The answer should consist of the full listing below, repeated exactly and free of pictures.

DATA EXTRACT:

·····

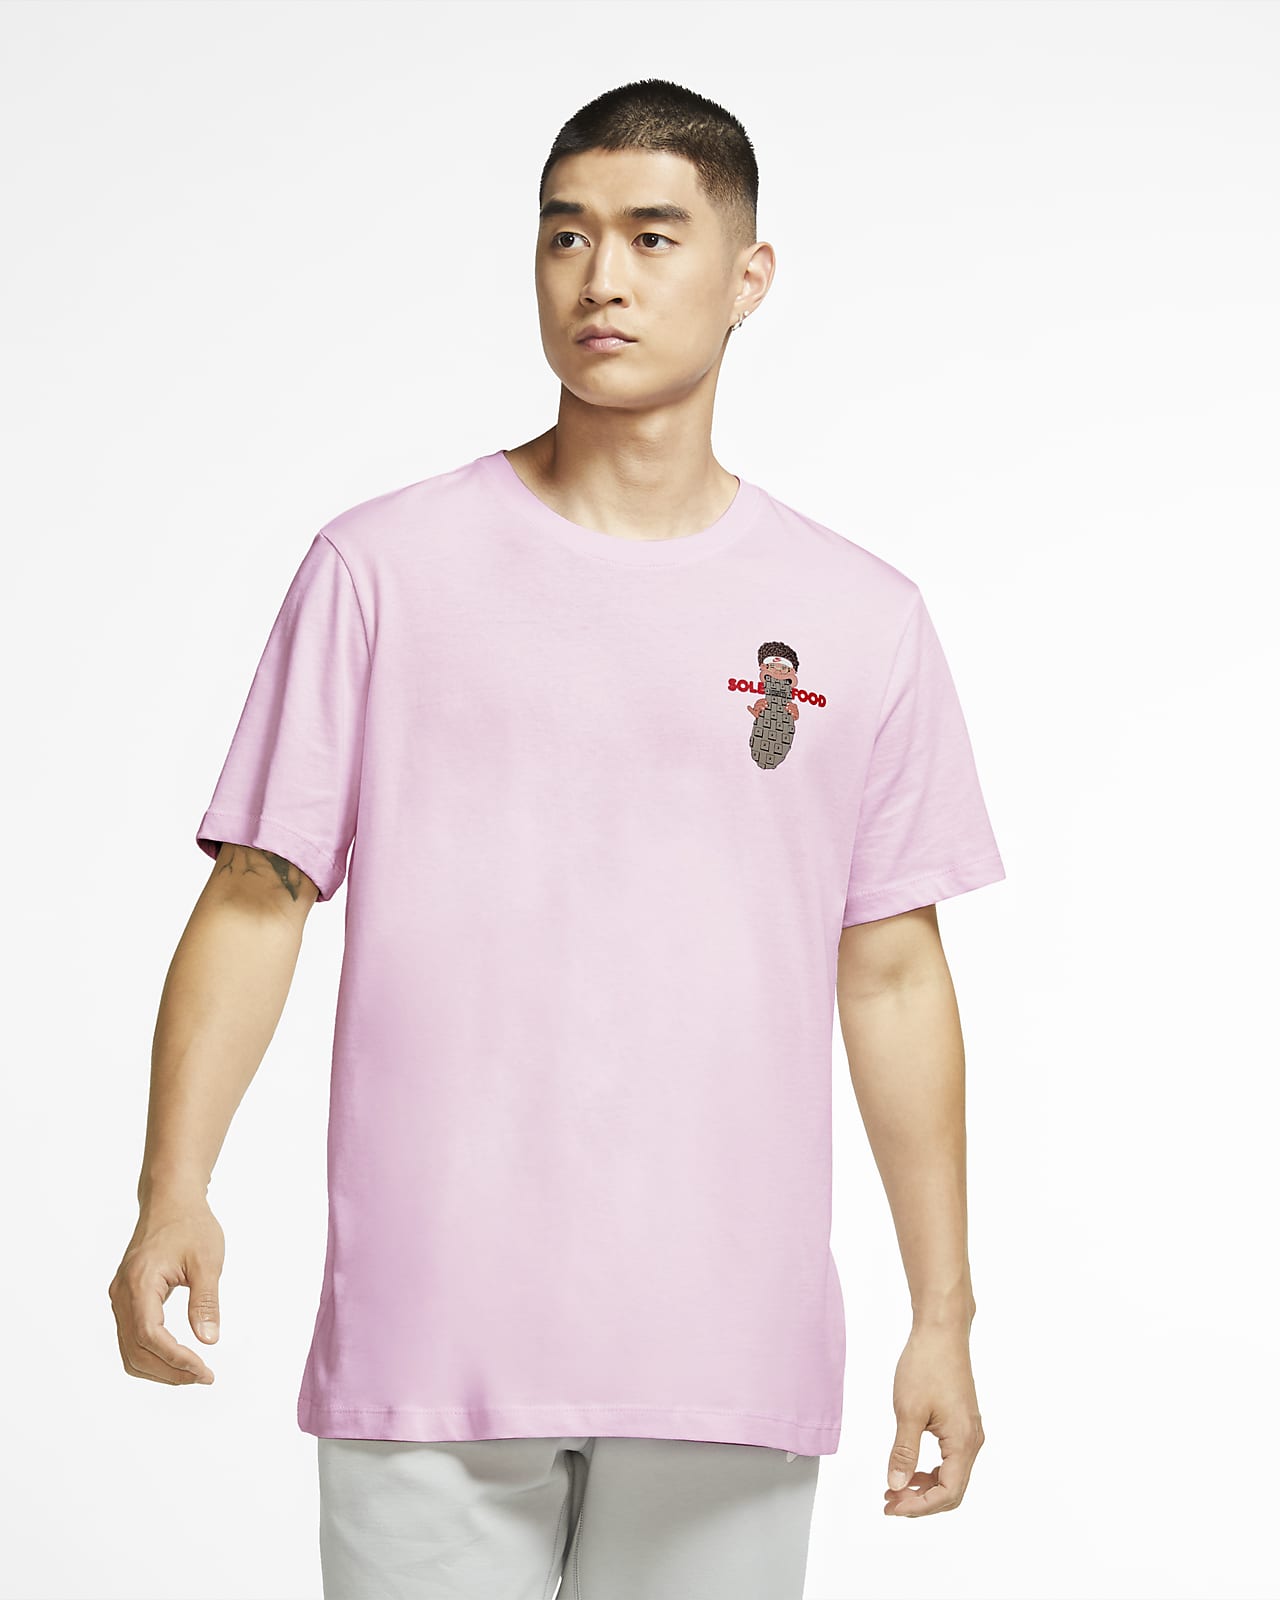 profound Incentive look Nike Sportswear Men's T-Shirt. Nike.com
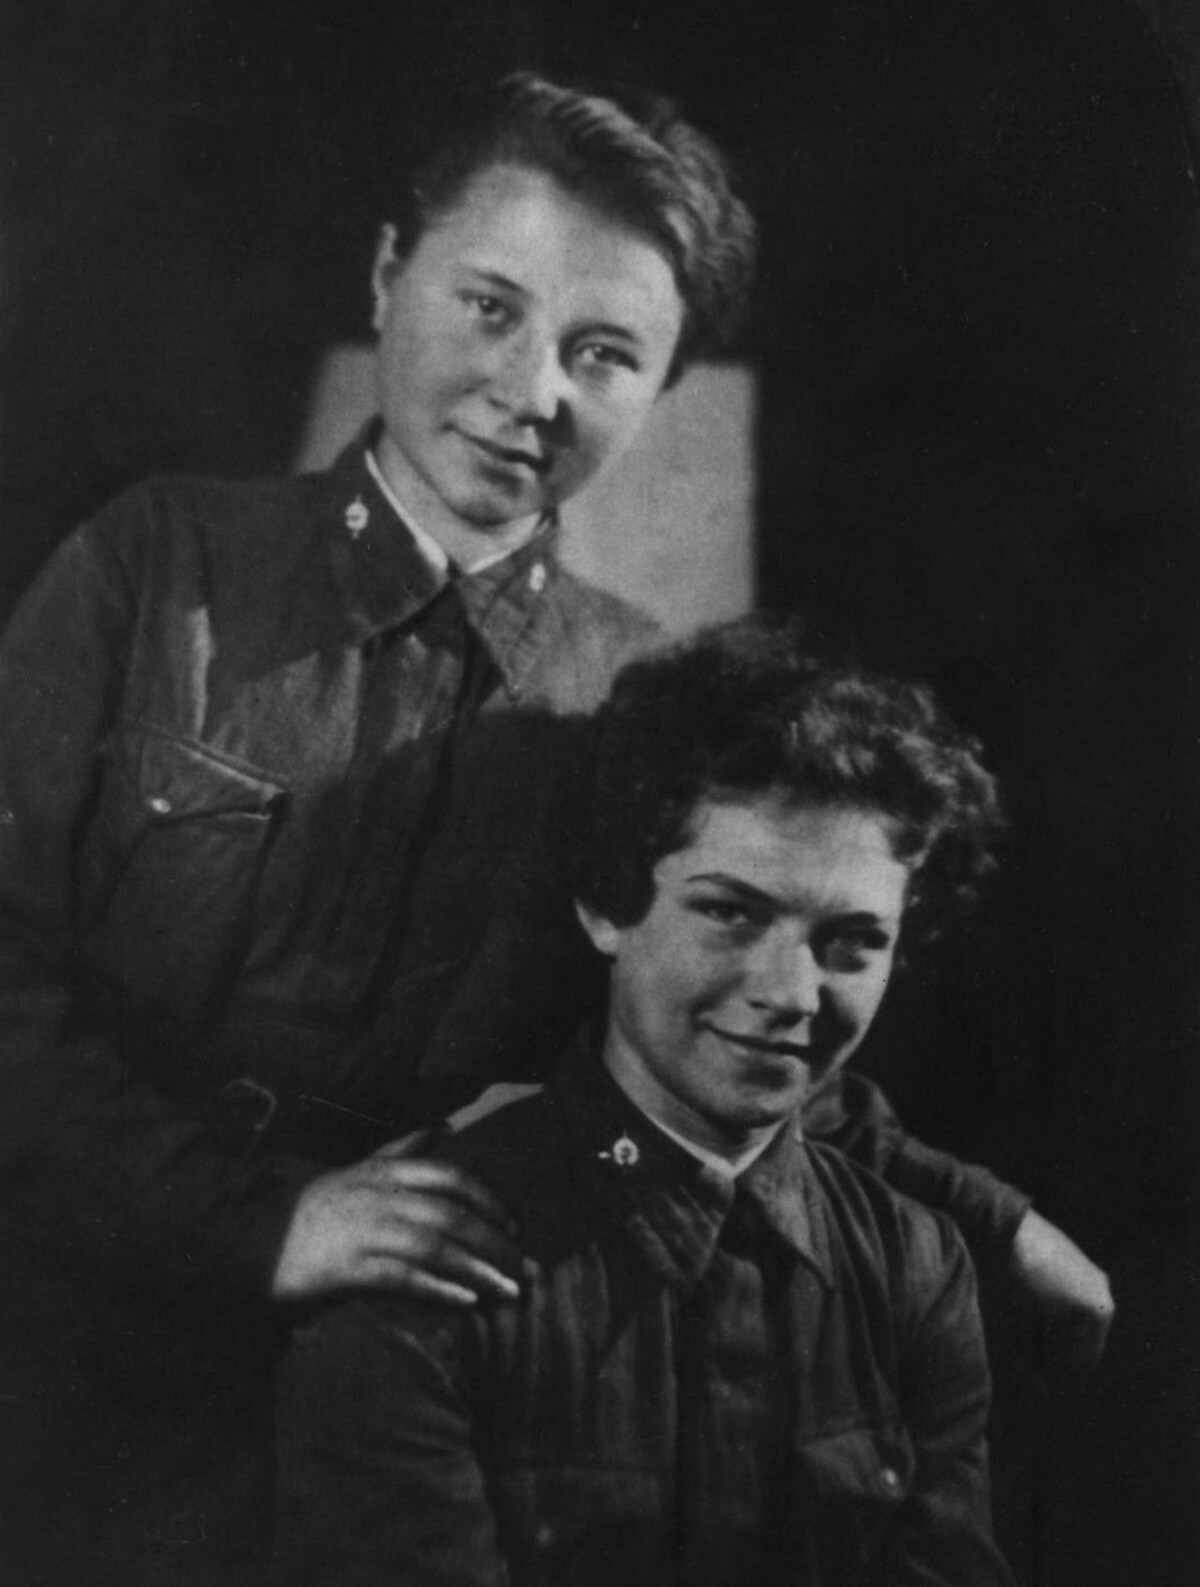 Н.Ковшова и М.Поливанова. Октябрь 1941 г.
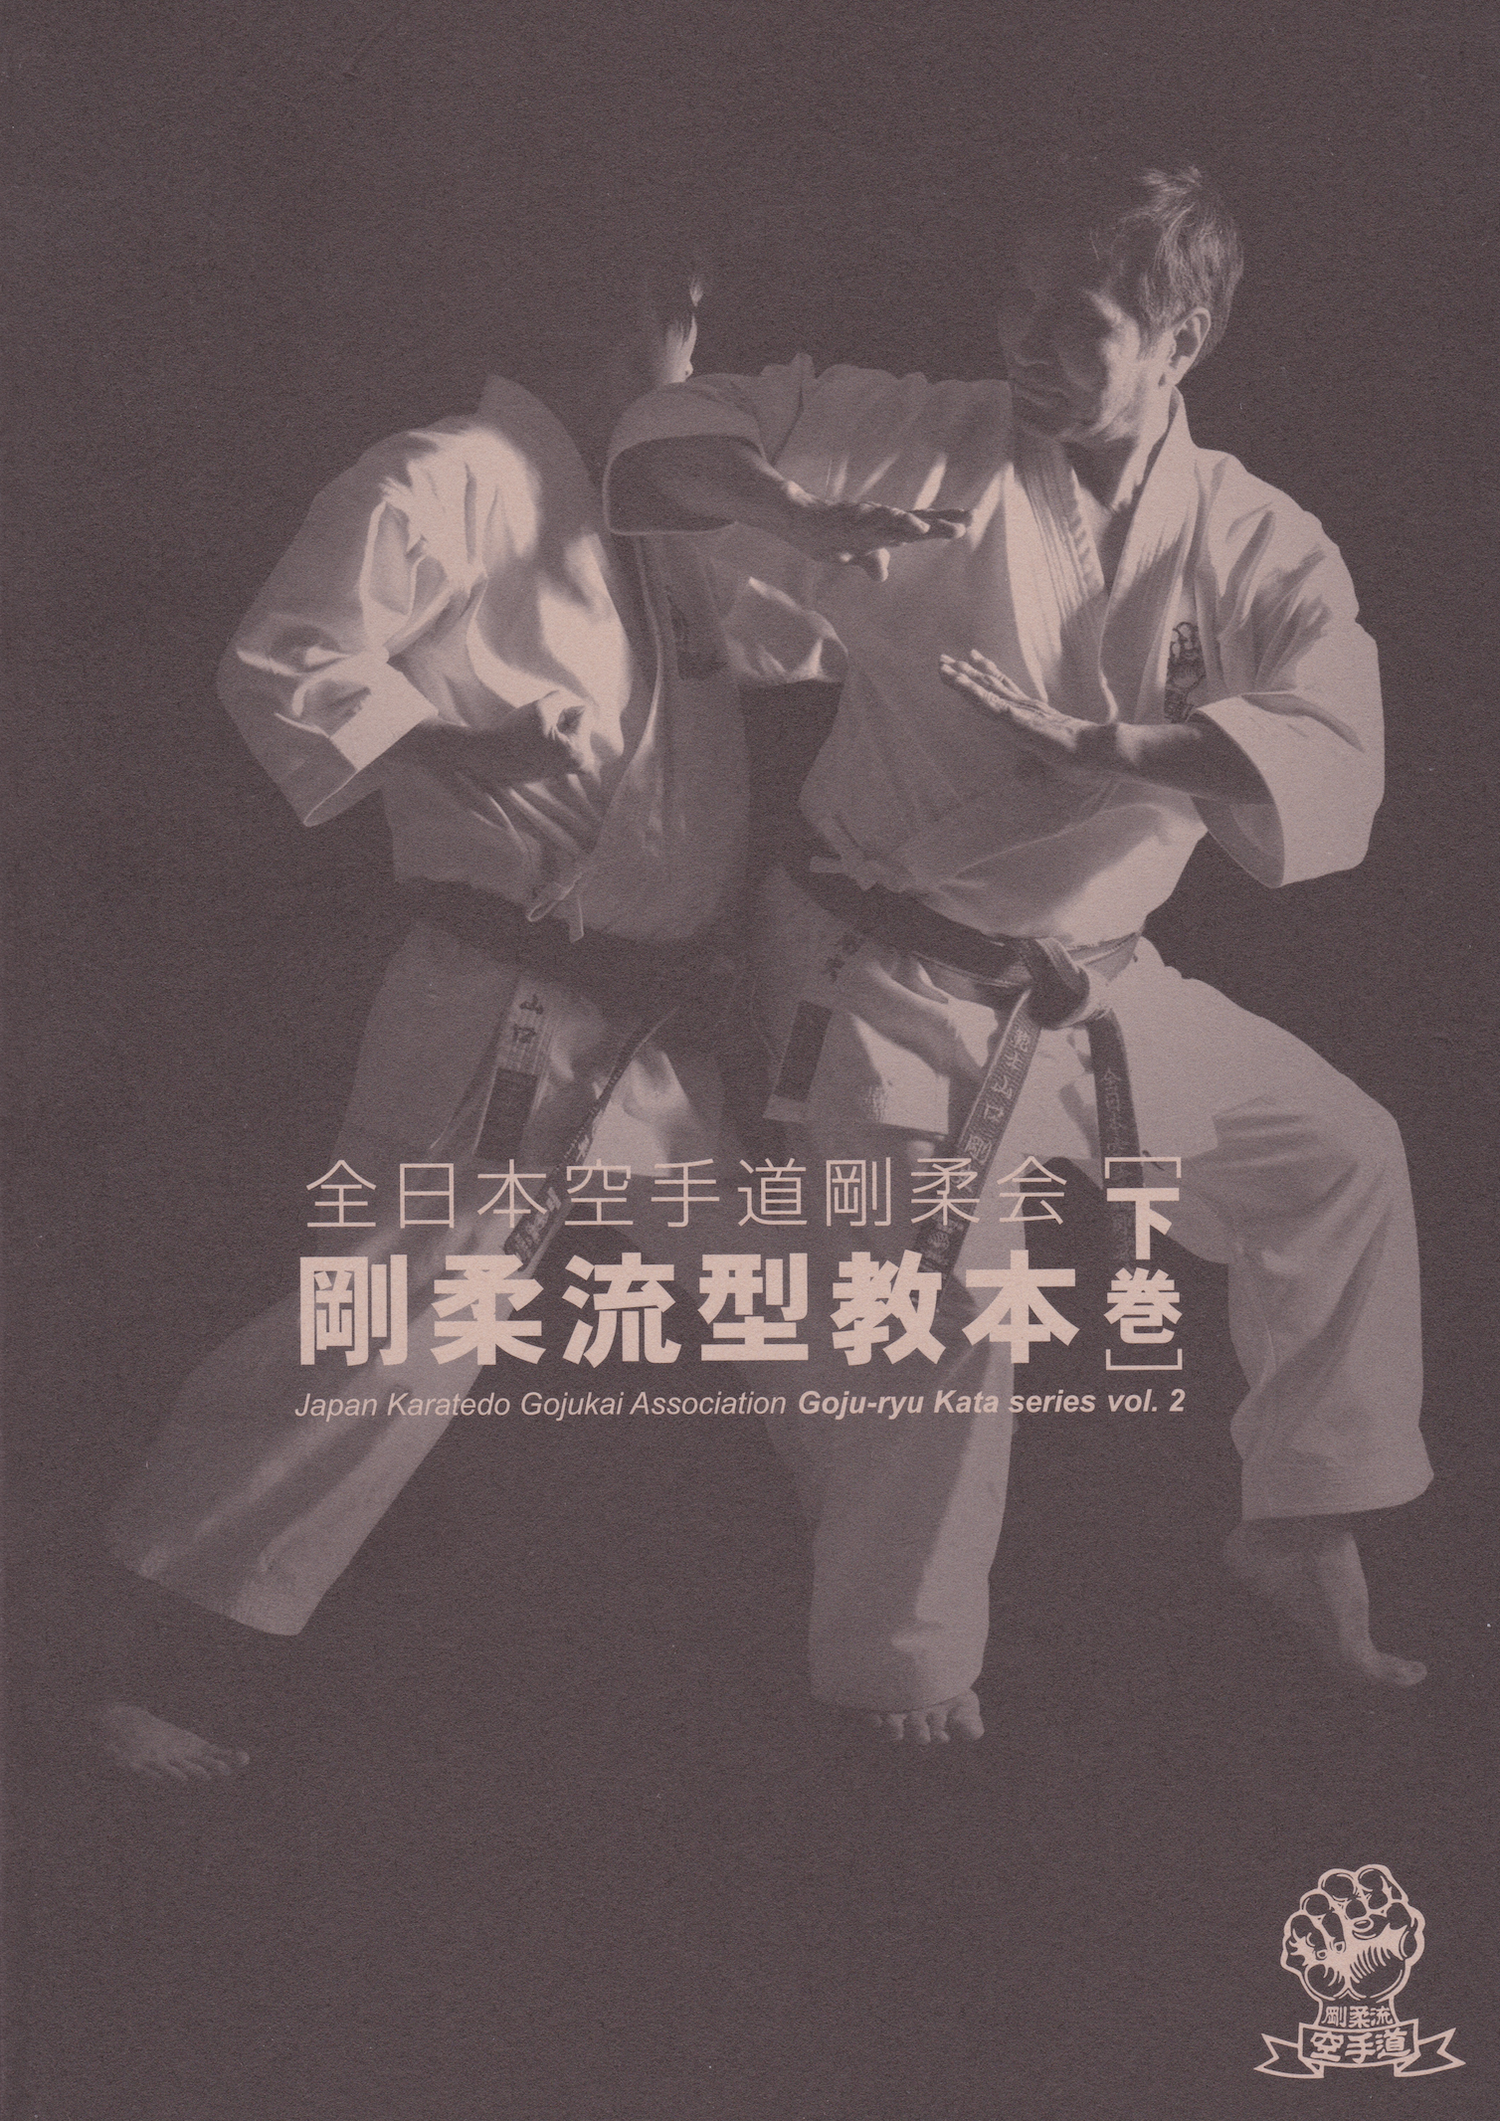 Goju Ryu Kata Series Book 2 by Japan Karatedo Gojukai Association

·····

EXERCISE RESPONSE:
 profound Incentive look Nike Sportswear Men's T-Shirt. Nike.com
 Н.Ковшова и М.Поливанова. Октябрь 1941 г.
 Goju Ryu Kata Series Book 2 by Japan Karatedo Gojukai Association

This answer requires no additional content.